_Supplied data_
"""

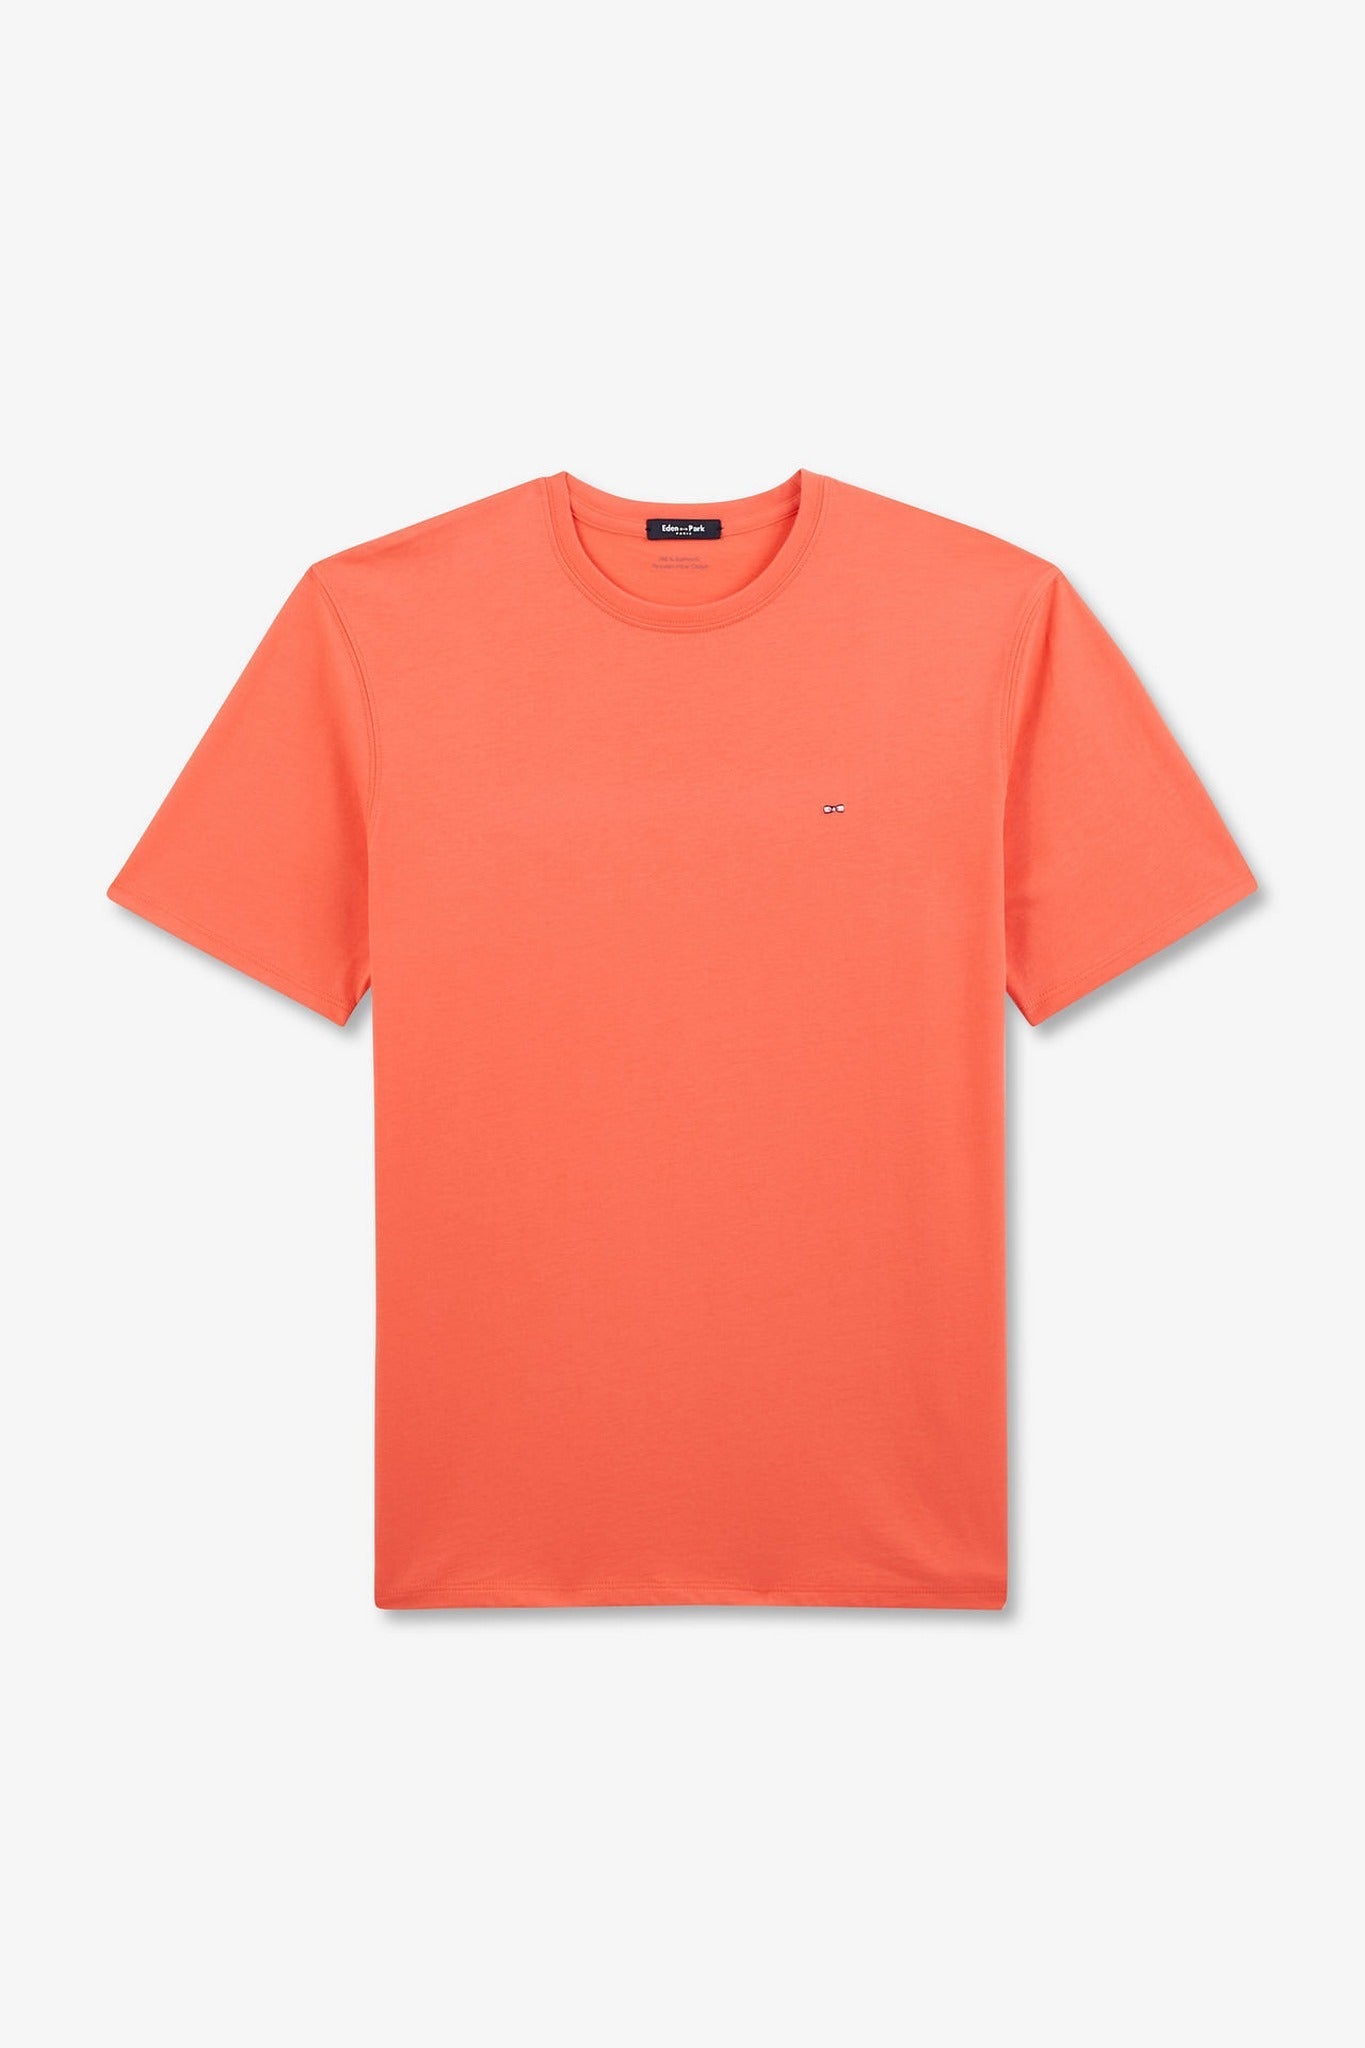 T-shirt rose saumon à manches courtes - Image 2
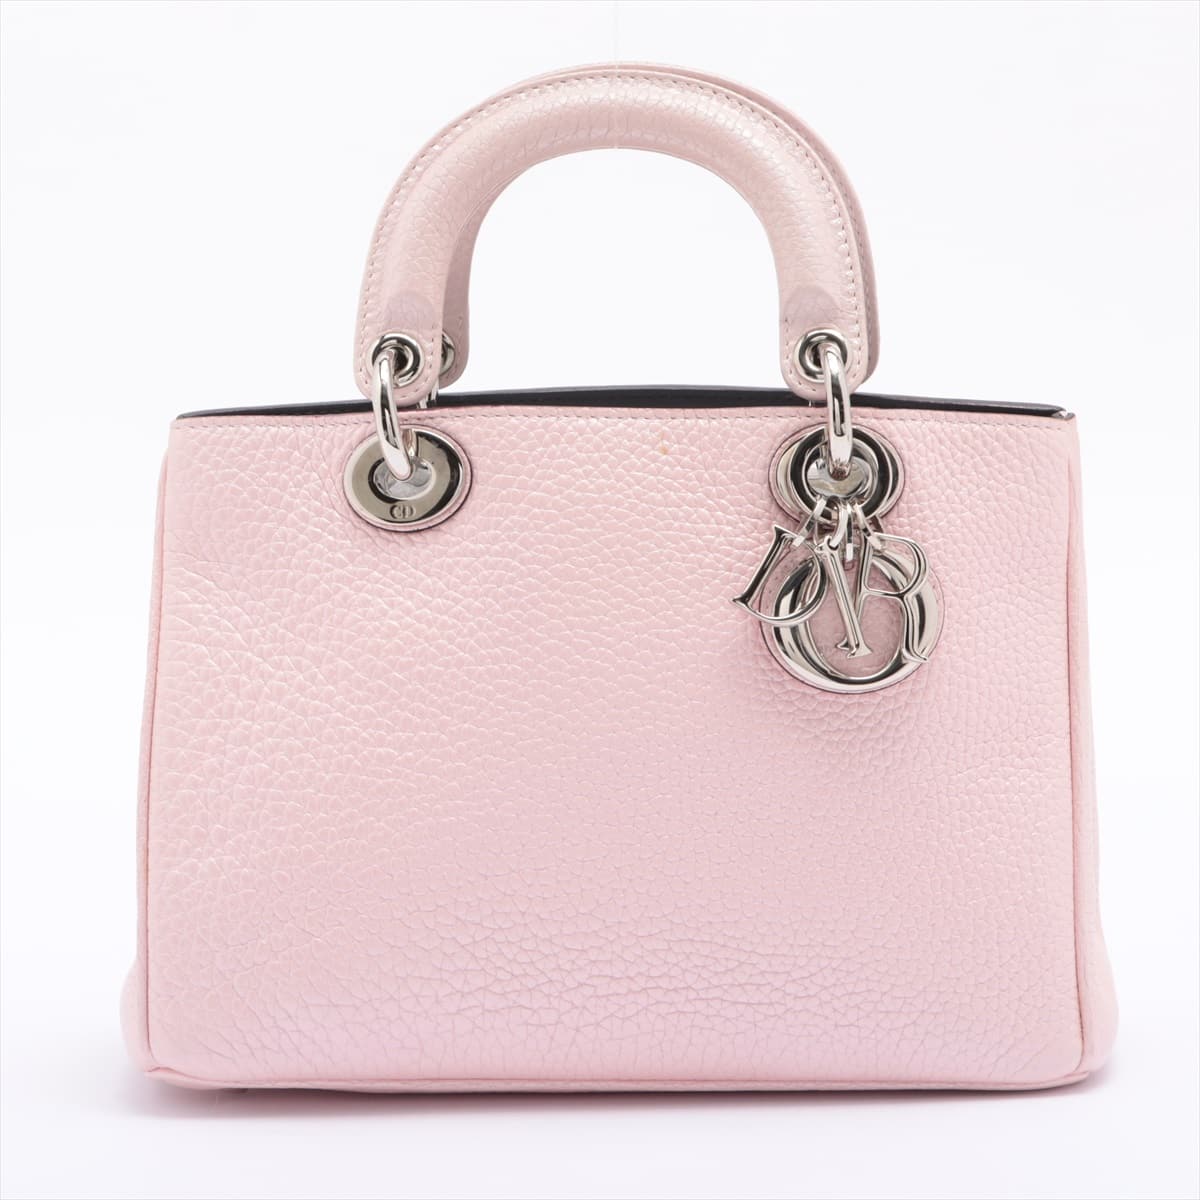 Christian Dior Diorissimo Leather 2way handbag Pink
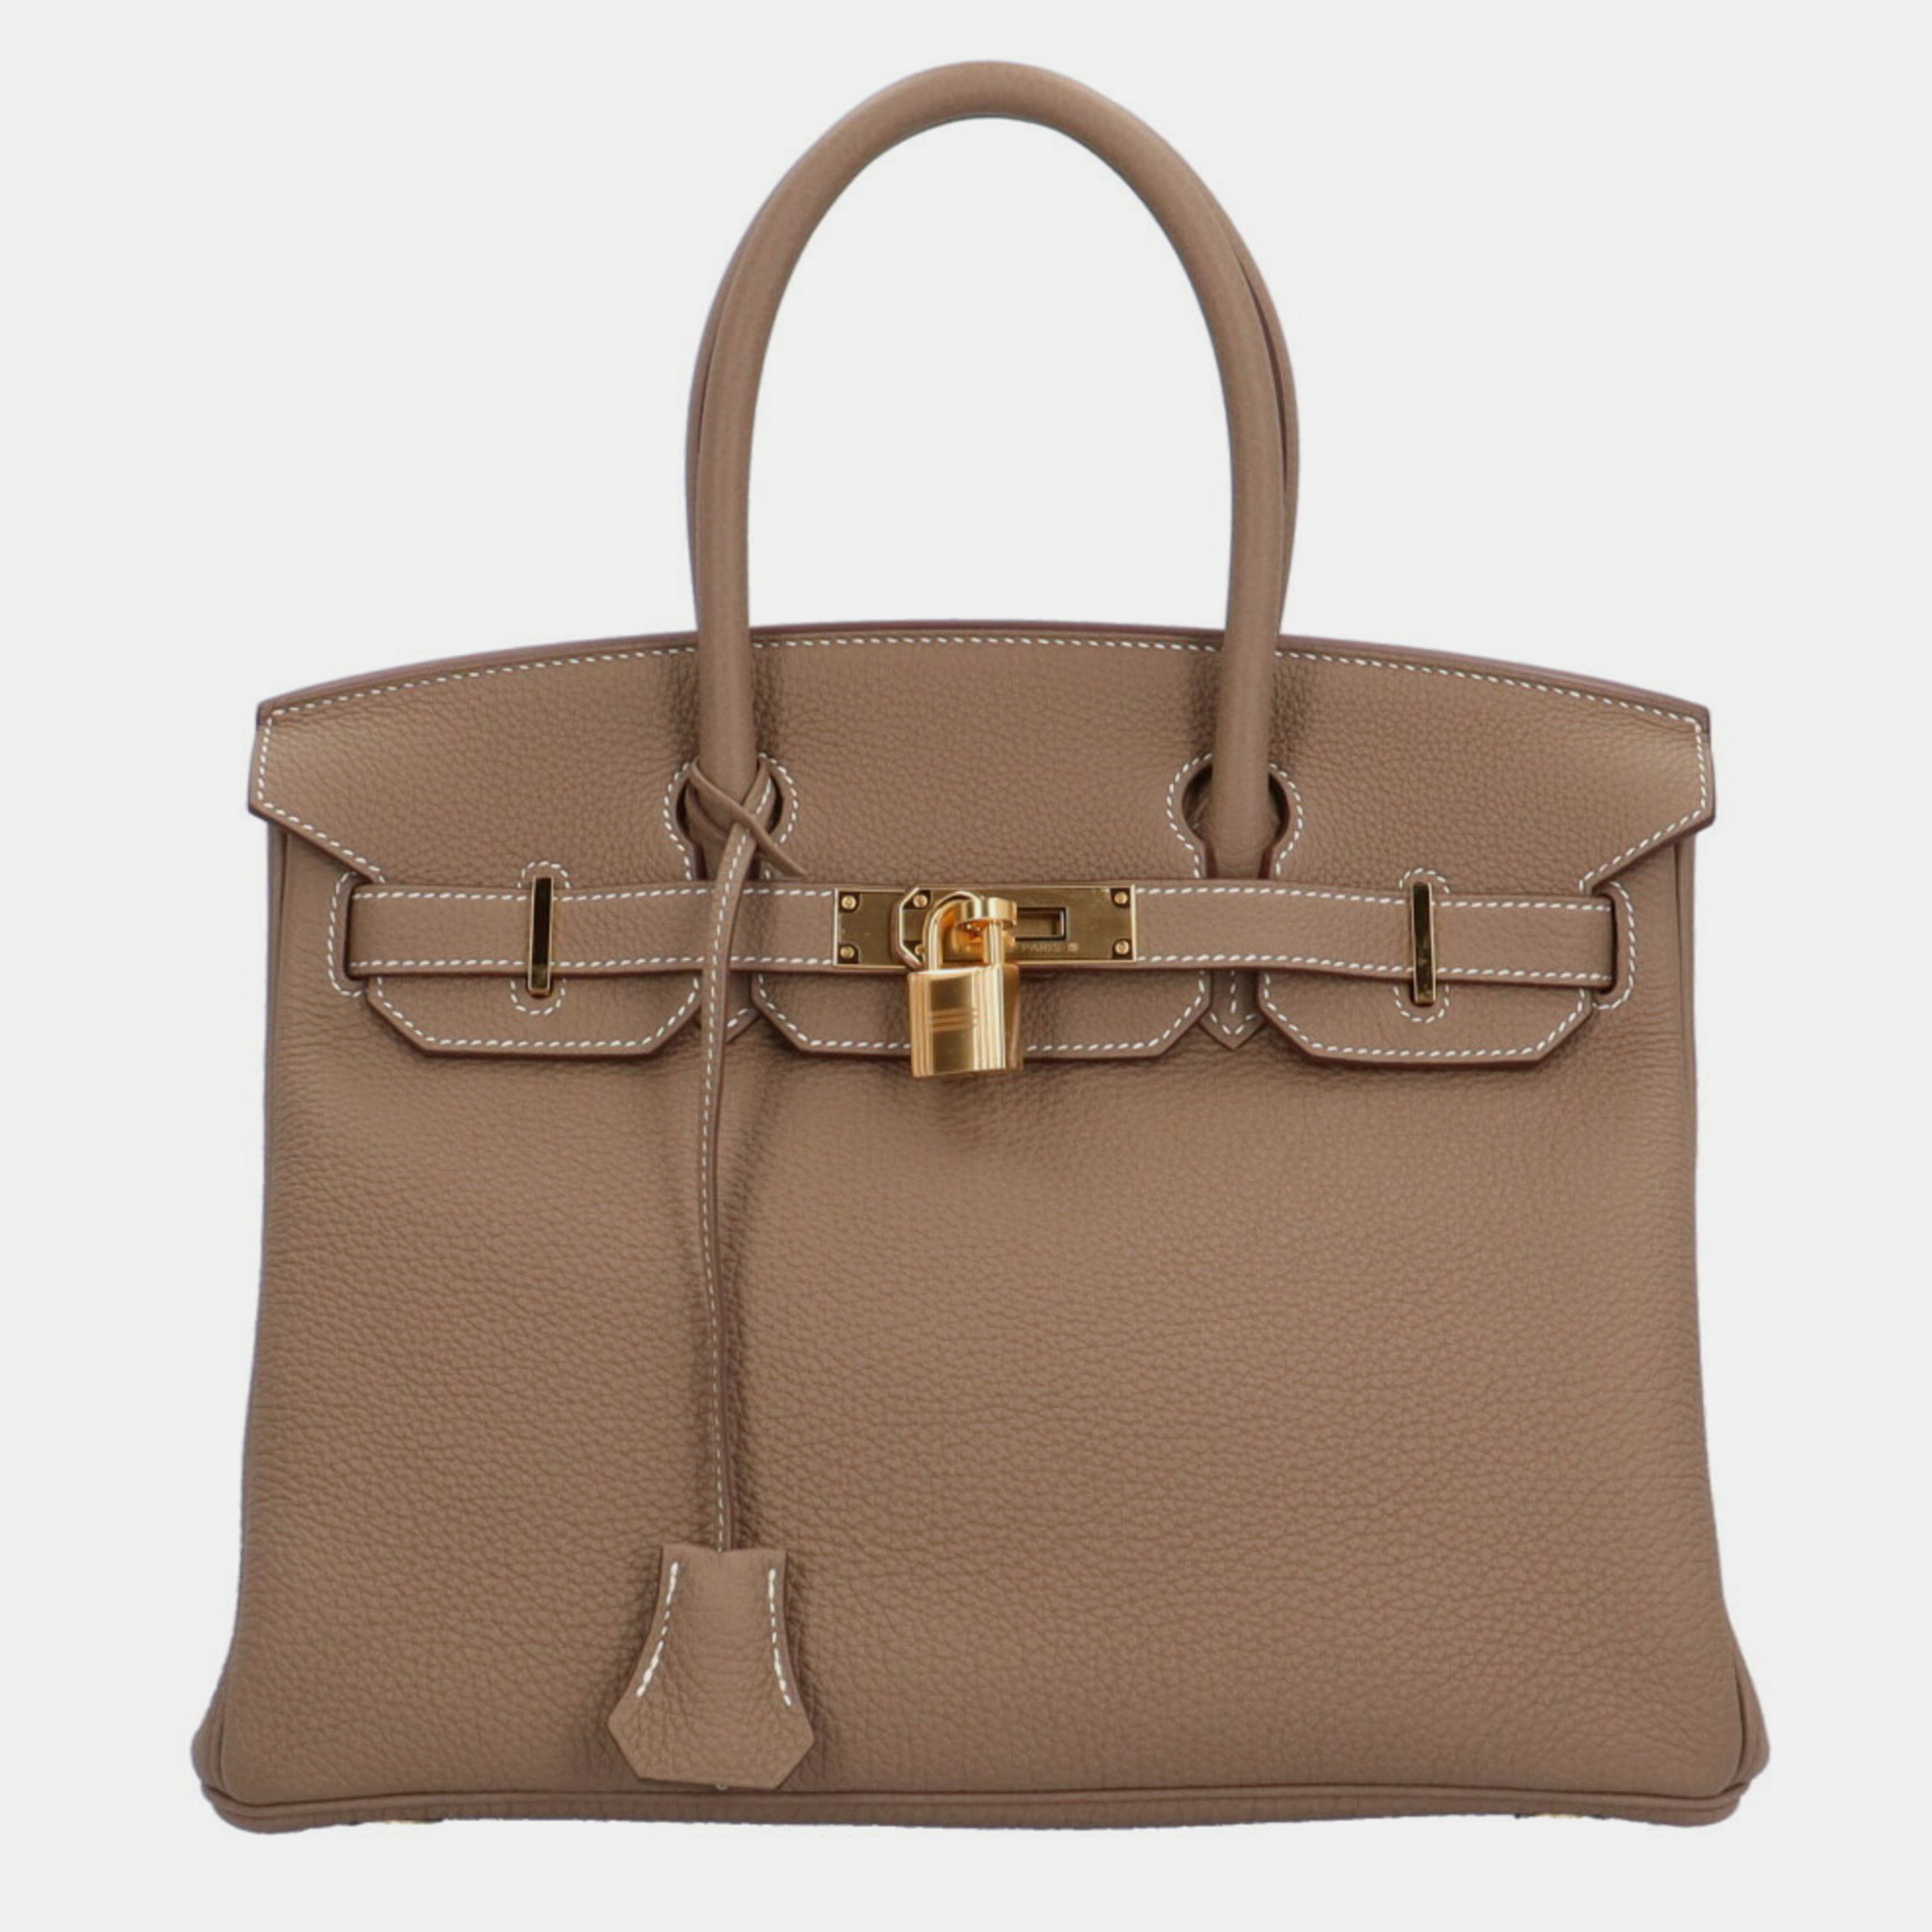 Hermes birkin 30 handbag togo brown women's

"""

_Activity_
Where a picture appears in the data, omit it; restate the rest word for word.

_Task answer_
 T-shirt rose saumon à manches courtes - Image 2
 Christian Dior Diorissimo Leather 2way handbag Pink
 Hermes birkin 30 handbag togo brown women's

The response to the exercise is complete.